Tenía alguna relación con el arzobispo.
Soldado… Catedral… Bess dejó que esas dos piezas dieran vueltas en su cabeza, mientras se ocupaba de las hogazas. A Kit no podía confiarle más que una canasta liviana, pues era demasiado boba para no tropezar si iba cargada, así que Bess tuvo que llevar dos canastas bien llenas. Entre el peso de las canastas y la torpeza de Kit, oscureció antes de que estuvieran de vuelta en la posada. Encontraron a Tom atareado, preparándolo todo para la noche.
—¿Quién ha estado durante mi ausencia? —preguntó Bess mientras se reponía con una jarra de cerveza.
Era la costumbre que tenían a esa hora, para fortificarse antes de que empezara el trabajo nocturno.
—El emplazador Digby, haciendo preguntas sobre Owen Archer. Le dije que debía hablar él mismo con el caballero y que podía estar seguro de que el maestro Archer bajaría a tomar una cerveza en algún momento.
Bess habría preferido estar presente.
—¿Qué dijo Digby?
—Sólo quería saber si habíamos dado alojamiento a un forastero de un solo ojo. Le pregunté por qué quería saberlo. Si era asunto del emplazador. Contestó que quizá, que no podía decirlo. ¡Bah! —añadió con desprecio, escupiendo al fuego—. Dándose aires, él, que hiede a pescado. Dónde duerme, me pregunto.
Bess cerró los ojos, gozando del calor de la cerveza y del fuego del hogar después de una tarde pasada al frío del exterior. De modo que Owen podía tener asuntos con el arcediano Anselmo. La mayor parte del tiempo el arcediano se dedicaba a recolectar dinero para completar la catedral.

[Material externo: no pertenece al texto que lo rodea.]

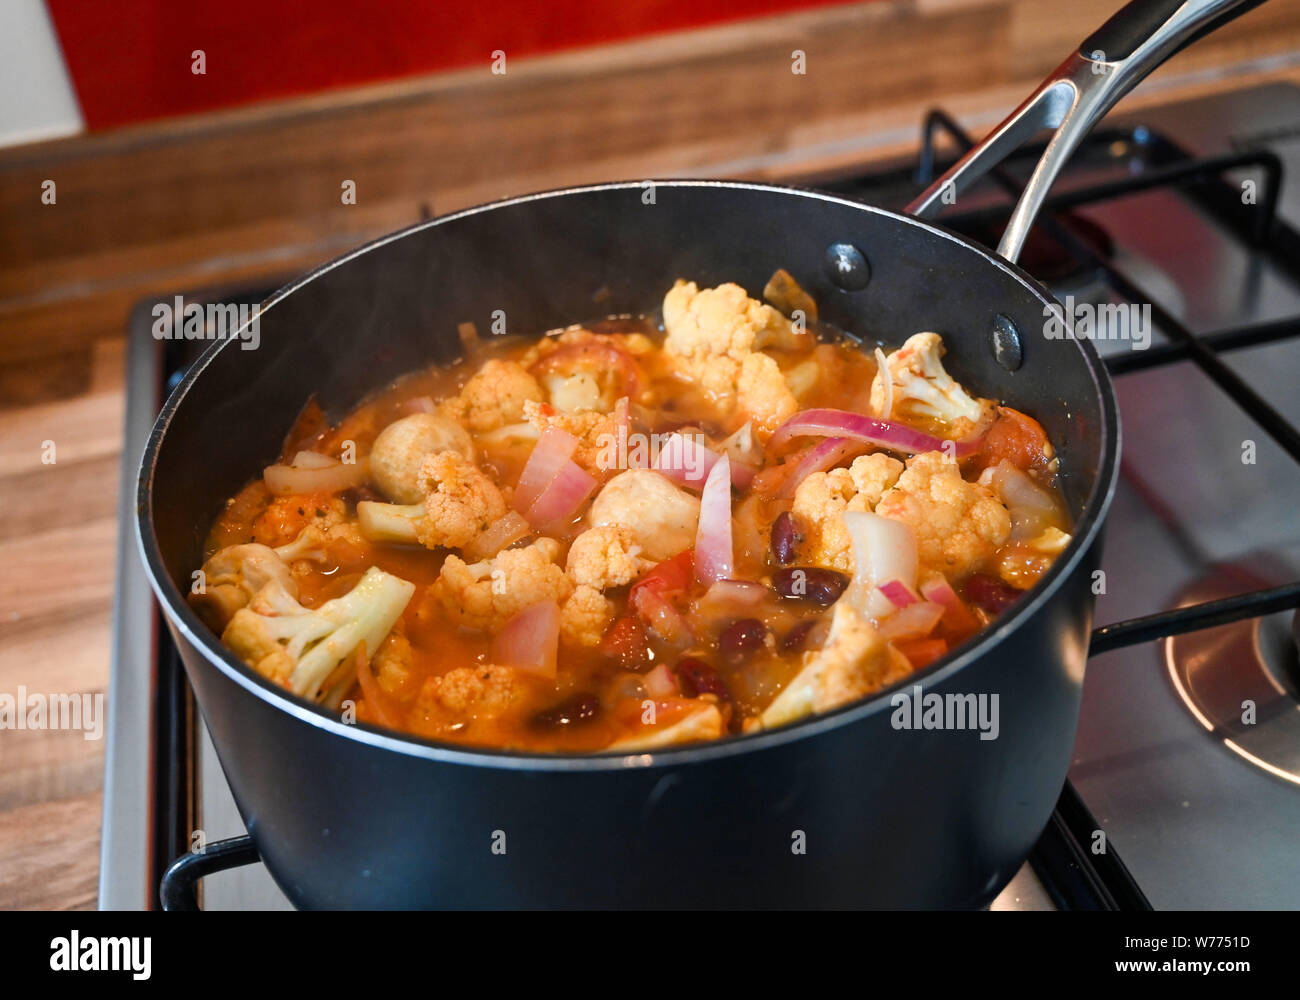 Cooking vegetables A la grecque which is a French dish . The vegetables are slightly pickled in a vegetable stock and wine Stock Photo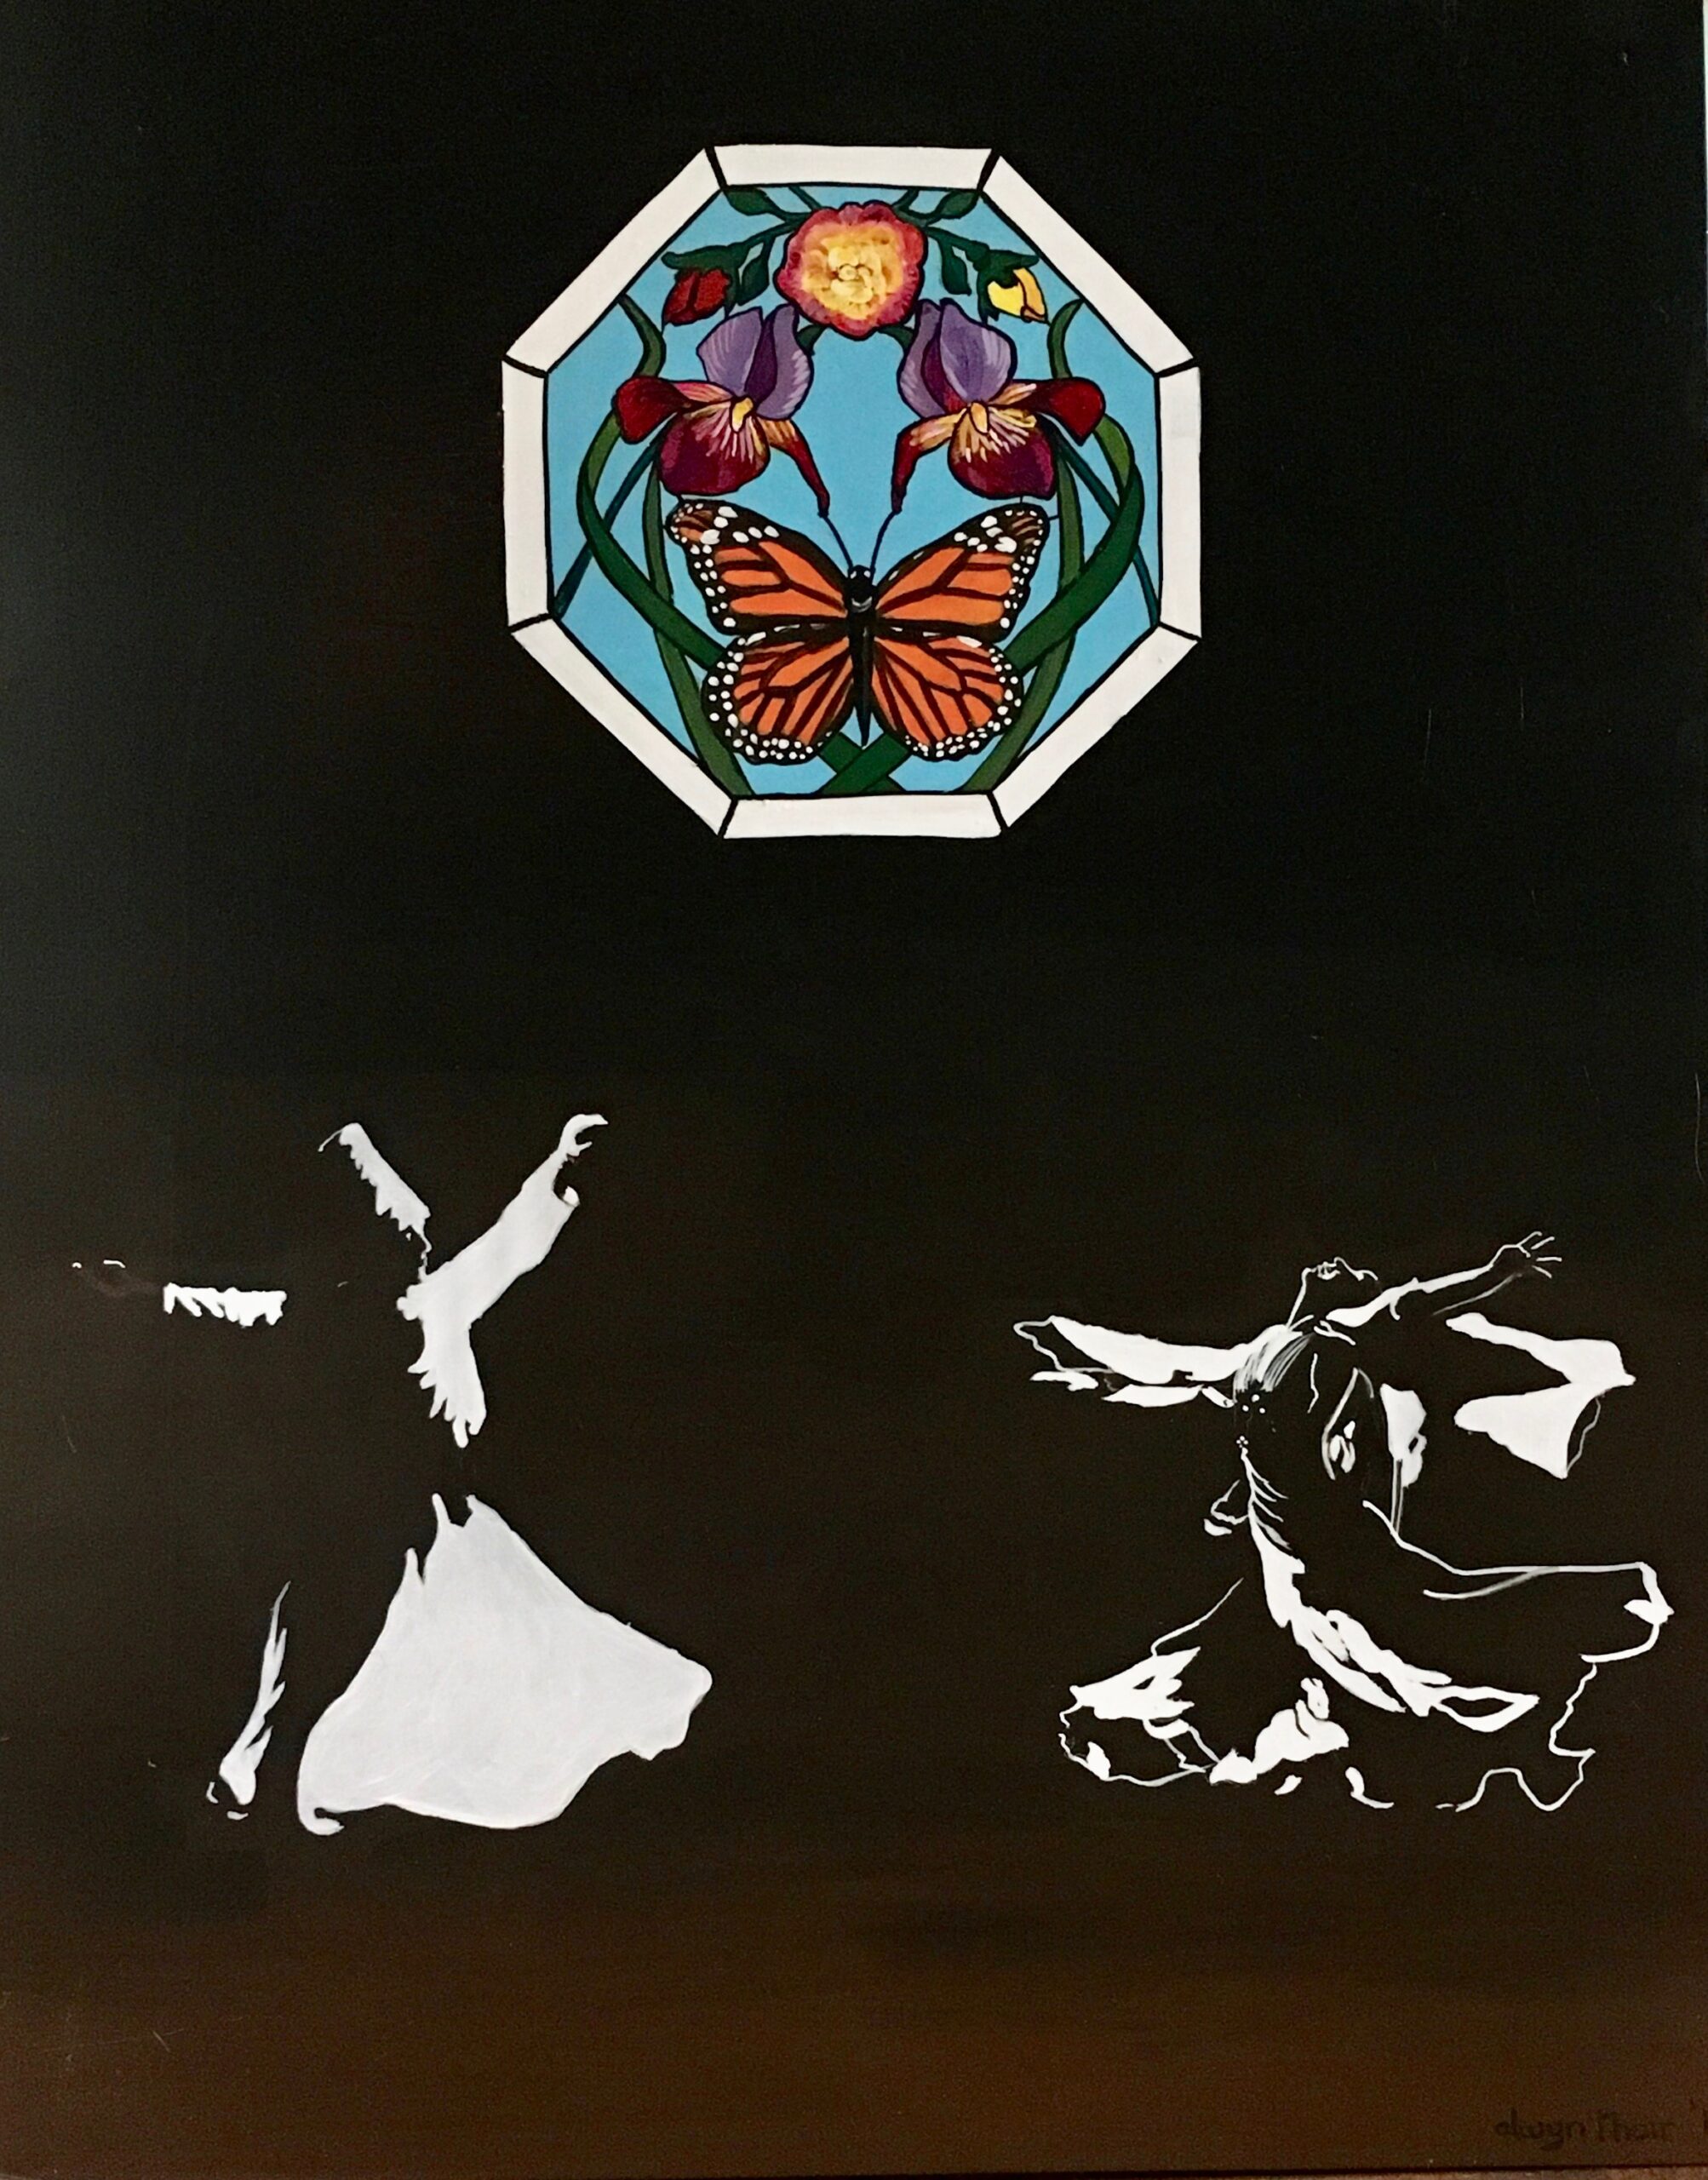 Painting: Sufi dancer silhouettes under a stained glass window.

—¿Y eso es todo? —inquirió la mujer.
—Sí, se fue enseguida.
—¿Vino alguien más?
—El mismo Owen Archer vino y volvió a irse. Preguntó por los baños. Dice que está sucio del viaje. Le dije que le daría fiebre, que es peligroso tomar baños innecesarios. Al que le vendrían bien es a Digby.
—Entonces ¿se fue a los baños? —preguntó Bess, impaciente por saberlo todo.
—Le indiqué dónde estaban y salió. —Tom dejó el jarro en la mesa y se inclinó hacia Bess para hablarle en voz más baja—. Dime, esposa: ¿qué estás pensando sobre este Owen Archer?
Bess se aseguró de que estaban solos antes de responder.
—Creo que está buscando algo, o a alguien. Algo que tiene que ver con la catedral, sospecho. Quizás algún dinero del ejército que no llegó a los cofres de la catedral… —Se interrumpió y se encogió de hombros—. No sé.
Tom sonrió.
—Conozco a mi Bess. Pronto lo sabrás todo.